Russia case chaos
THE head of UK Sport expressed ‘surprise’ and ‘disappointment’ last night after 28 Russians banned by the International Olympic Committee over the country’s state-sponsored doping scandal managed to get their decisions reversed.
Liz Nicholl, the organisation’s chief executive, said the IOC had acted correctly in imposing ‘the highest possible sanctions’ on Russian competitors.
But in a decision which represents a major blow to the IOC’s approach to Russia’s statesponsored doping regime, the Court of Arbitration for Sport’s verdicts reflected the difficulty of converting evidence of Russian cheating into clear-cut individual doping cases.

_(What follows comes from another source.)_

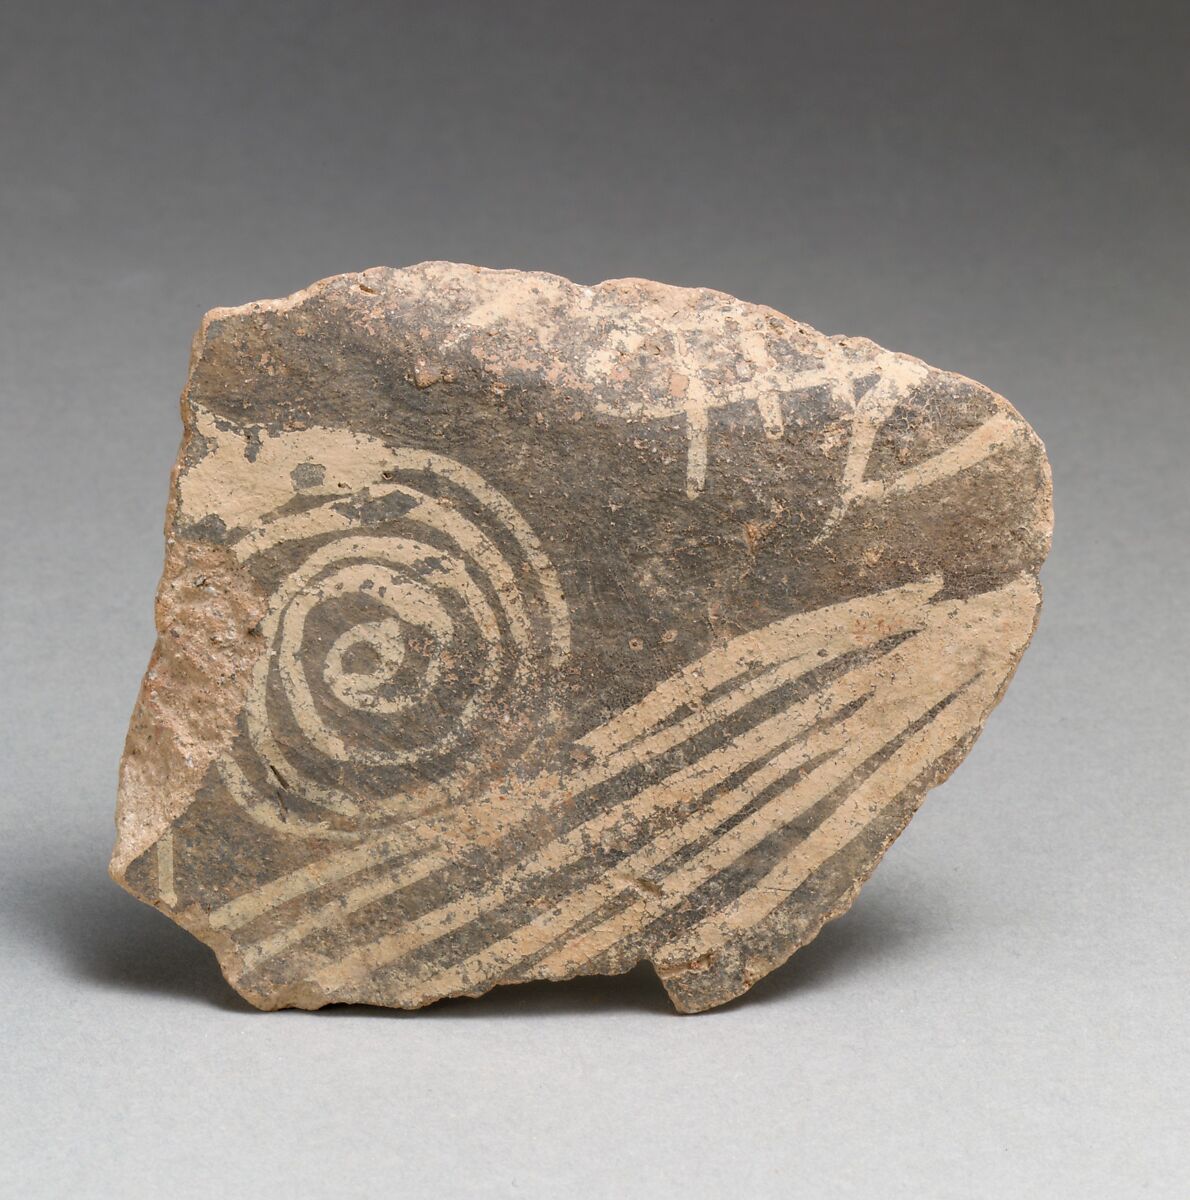 Terracotta vessel fragment with spiral and linear motifs, Terracotta, Minoan

The CAS verdicts, which saw a further 11 Russians have their punishments watered down, were confused. Some athletes in the same events were cleared while fellow competitors were found to be ‘sufficiently guilty.’
The verdicts will certainly be seized upon by the Russian state as evidence of how the bans, and Professor Richard McLaren’s investigation which prompted them, were part of a western conspiracy.
The IOC was slow to act against Russia, falling short of the blanket ban of athletes at the 2016 Rio de Janeiro Olympics which the International Paralympic Committee adopted for its own Games in Brazil. The wisdom of imposing individual bans always did look questionable.
Among those now cleared of cheating at Sochi 2014 are men’s Olympic skeleton champion Aleksander Tretiakov and current women’s European and World Cup skeleton champion Elena Nikitina.